MATERIAL SHOWN START

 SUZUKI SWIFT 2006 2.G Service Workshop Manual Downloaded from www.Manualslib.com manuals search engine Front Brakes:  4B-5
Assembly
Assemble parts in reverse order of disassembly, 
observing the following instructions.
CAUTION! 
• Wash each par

MATERIAL SHOWN END
MATERIAL SHOWN START

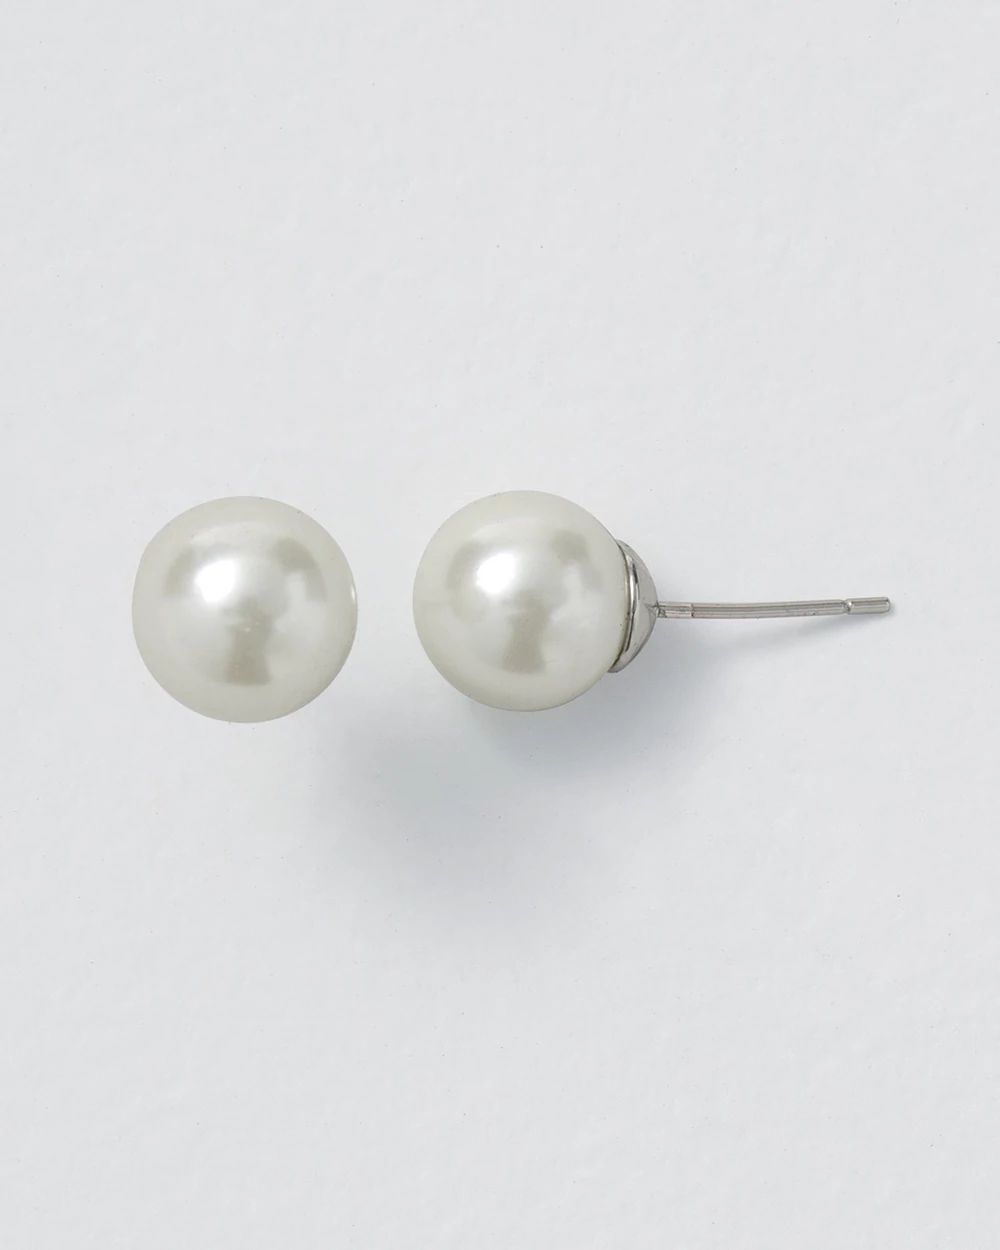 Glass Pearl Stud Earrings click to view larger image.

MATERIAL SHOWN END

** REQUIRED ACTION **
There is a line with "Assemble parts in" and a line with "Wash each par" above. Copy exactly those two lines and all lines between them, with nothing else.

** FINISHED TASK **
Assemble parts in reverse order of disassembly, 
observing the following instructions.
CAUTION! 
• Wash each par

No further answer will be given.